[Information provided]:
┄┄┄┄┄┄┄┄┄┄

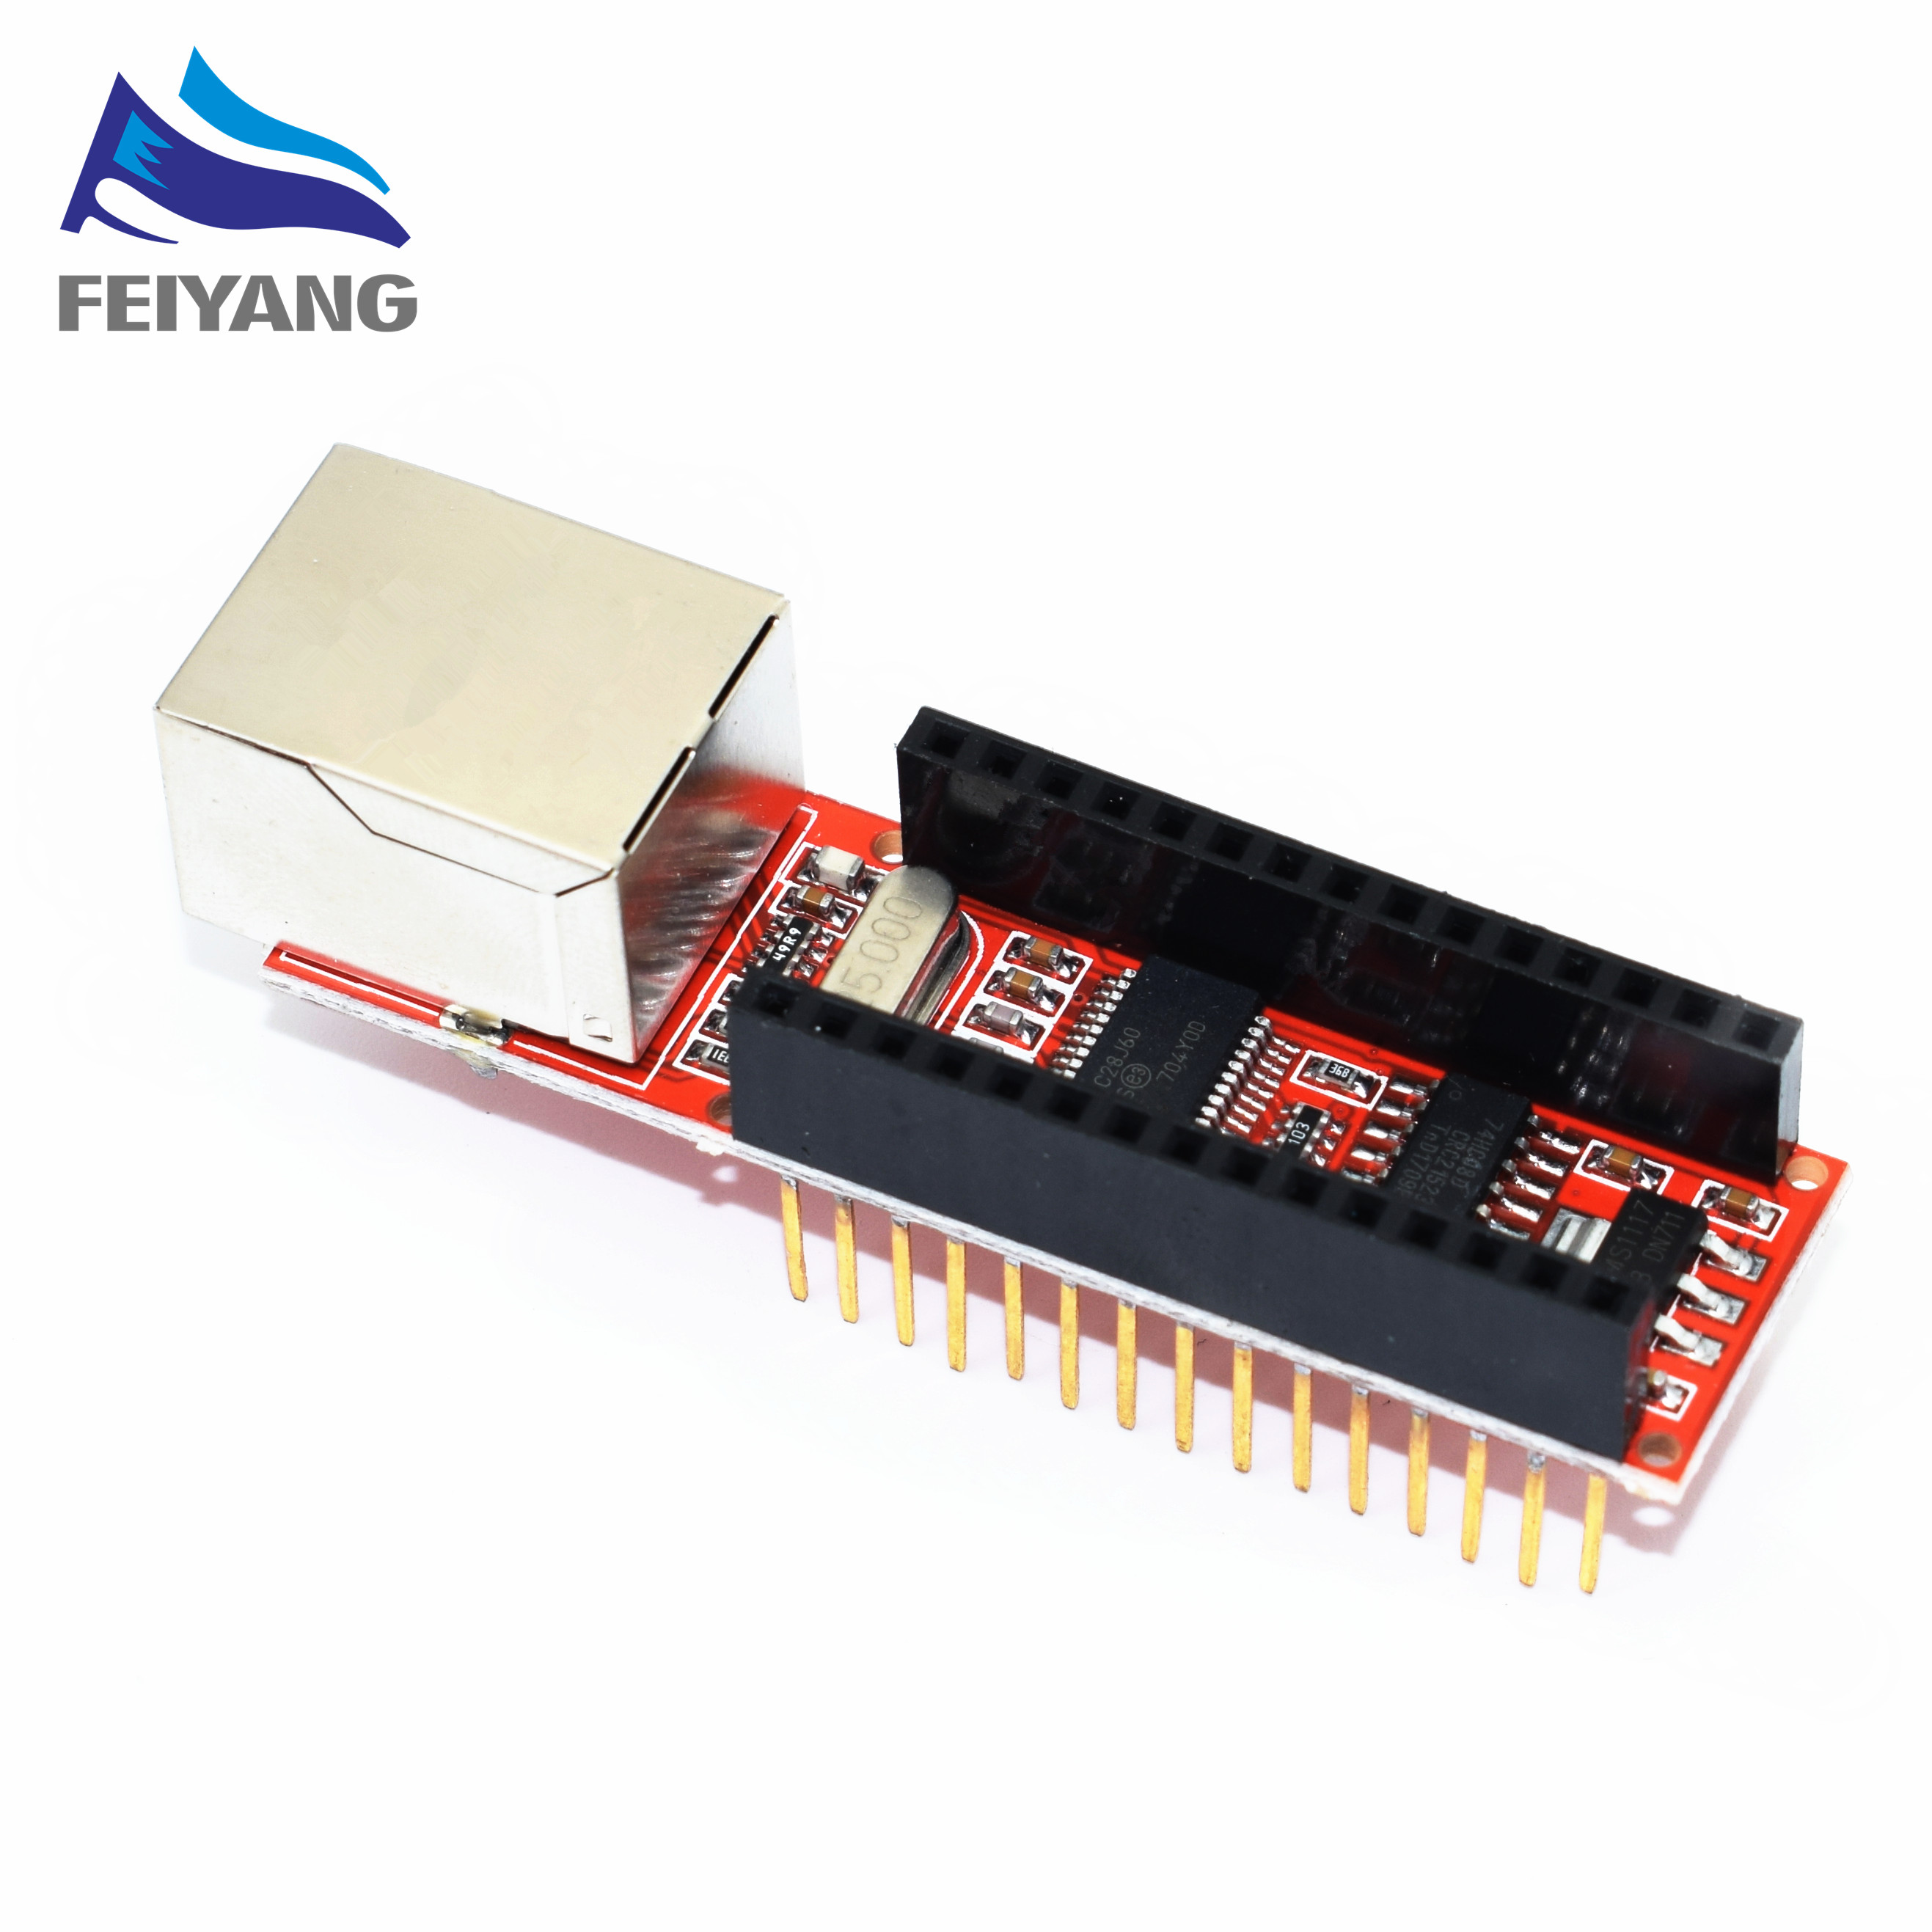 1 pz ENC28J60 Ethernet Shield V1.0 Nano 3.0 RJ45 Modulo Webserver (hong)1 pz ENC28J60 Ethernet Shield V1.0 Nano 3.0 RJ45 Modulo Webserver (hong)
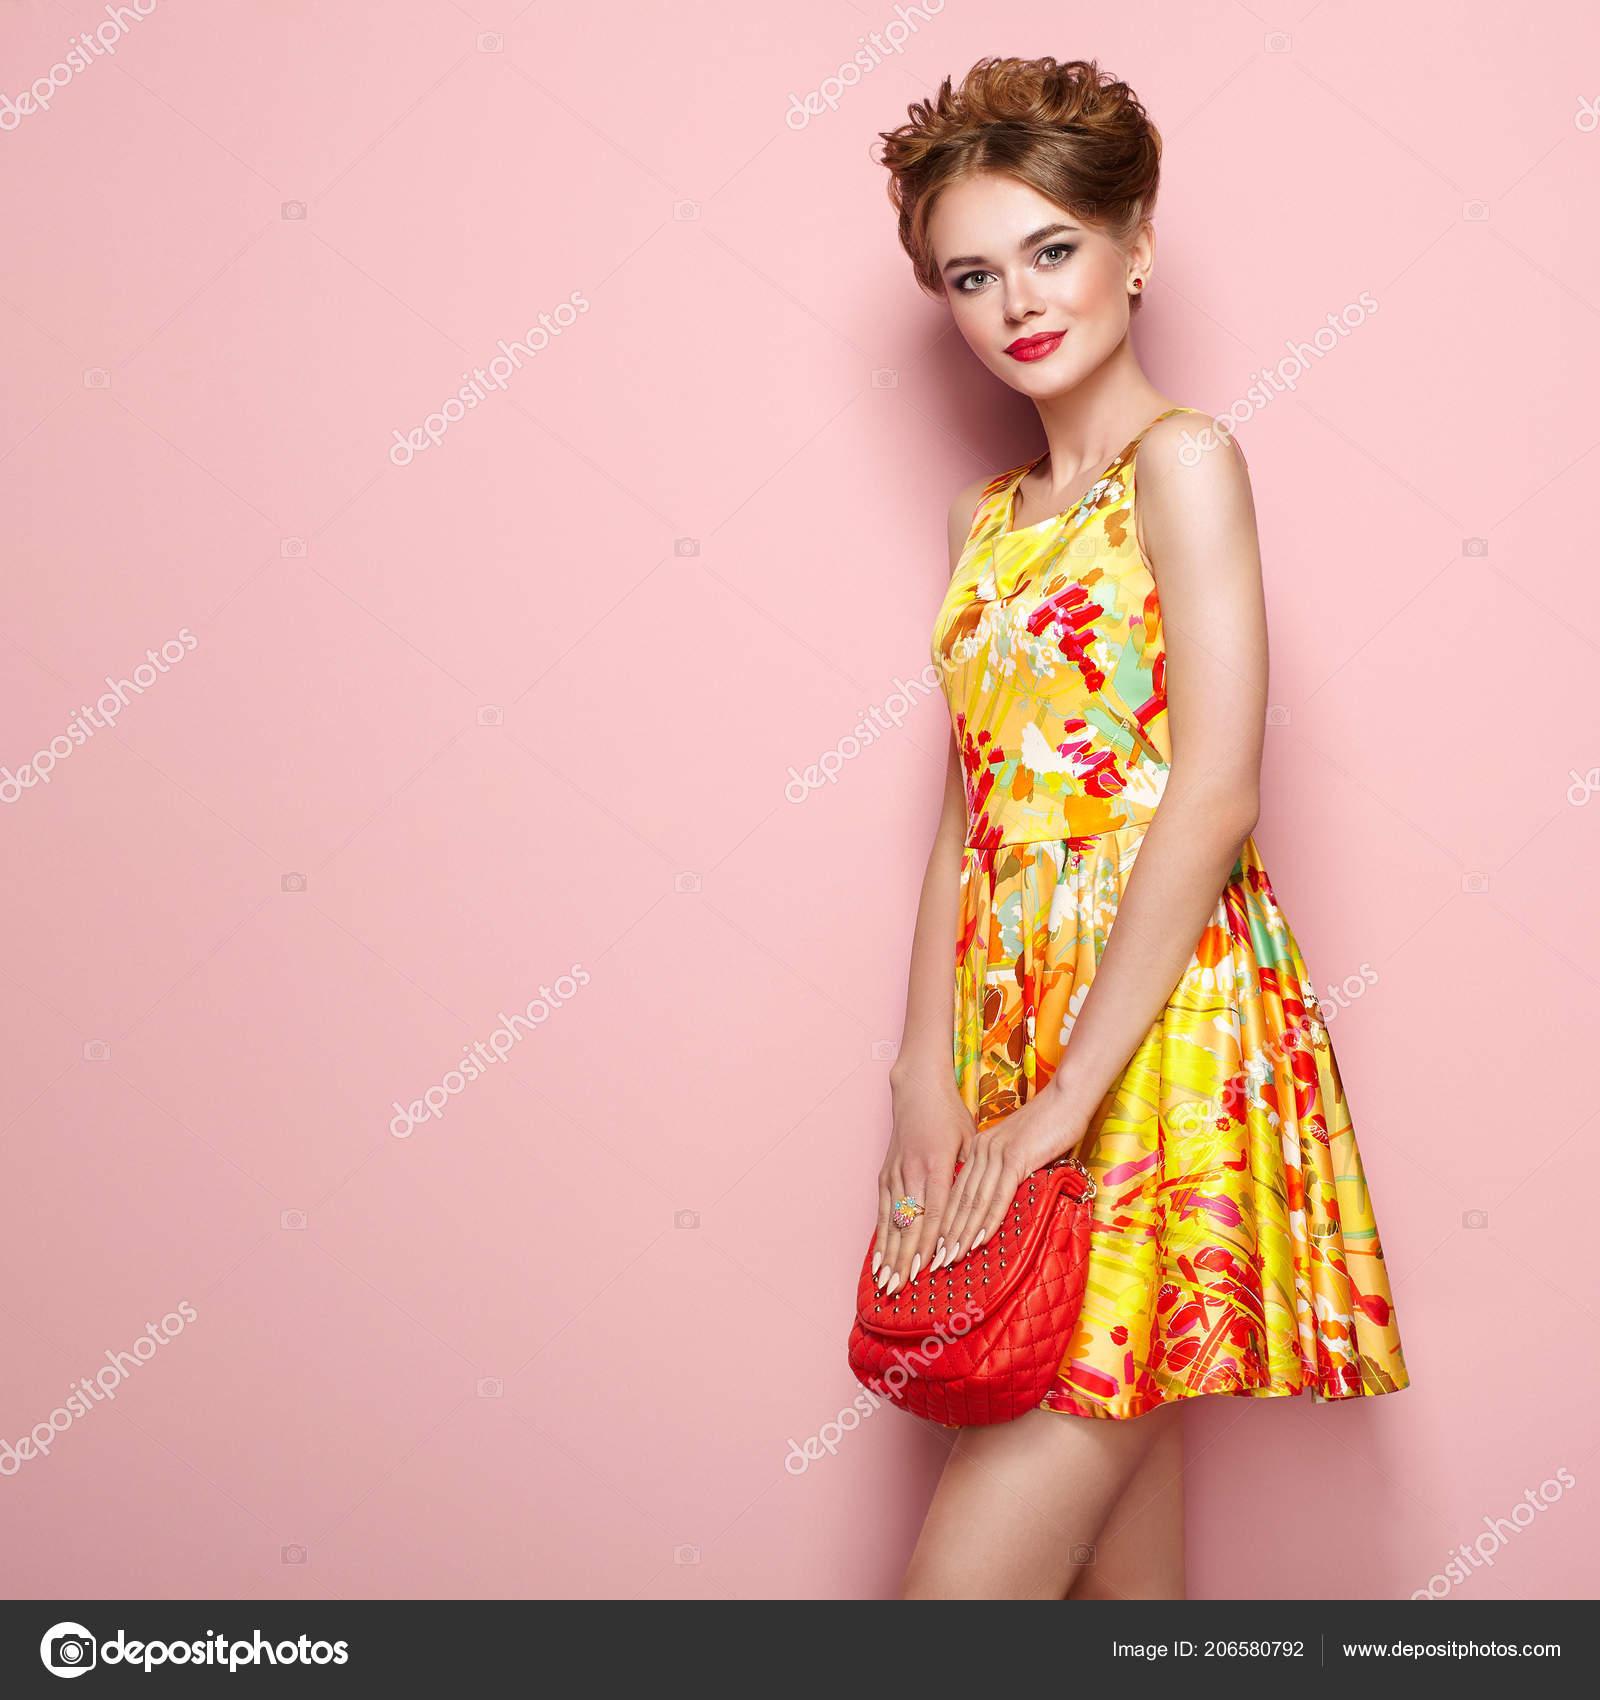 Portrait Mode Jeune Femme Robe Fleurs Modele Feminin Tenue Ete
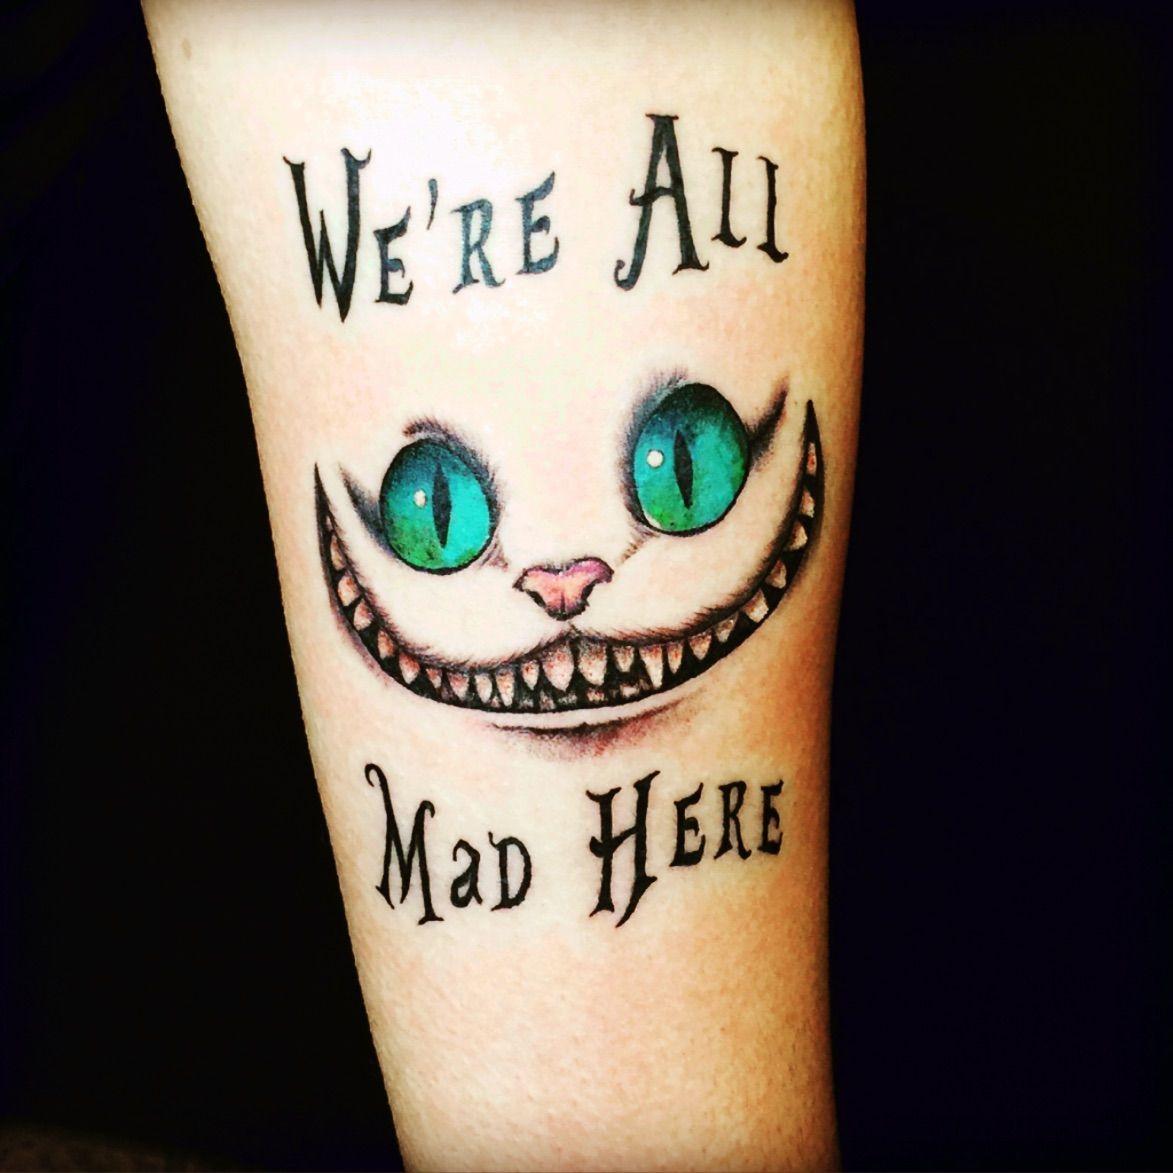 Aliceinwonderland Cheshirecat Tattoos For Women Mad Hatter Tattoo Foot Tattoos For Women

┄┄┄┄┄┄┄┄┄┄

[Exercise]:
Set down again, exactly, the lines from the one with "Portrait Mode Jeune" to the last line of the data, both included and pictures excluded.

[Task answer]:
 Portrait Mode Jeune Femme Robe Fleurs Modele Feminin Tenue Ete
 Aliceinwonderland Cheshirecat Tattoos For Women Mad Hatter Tattoo Foot Tattoos For Women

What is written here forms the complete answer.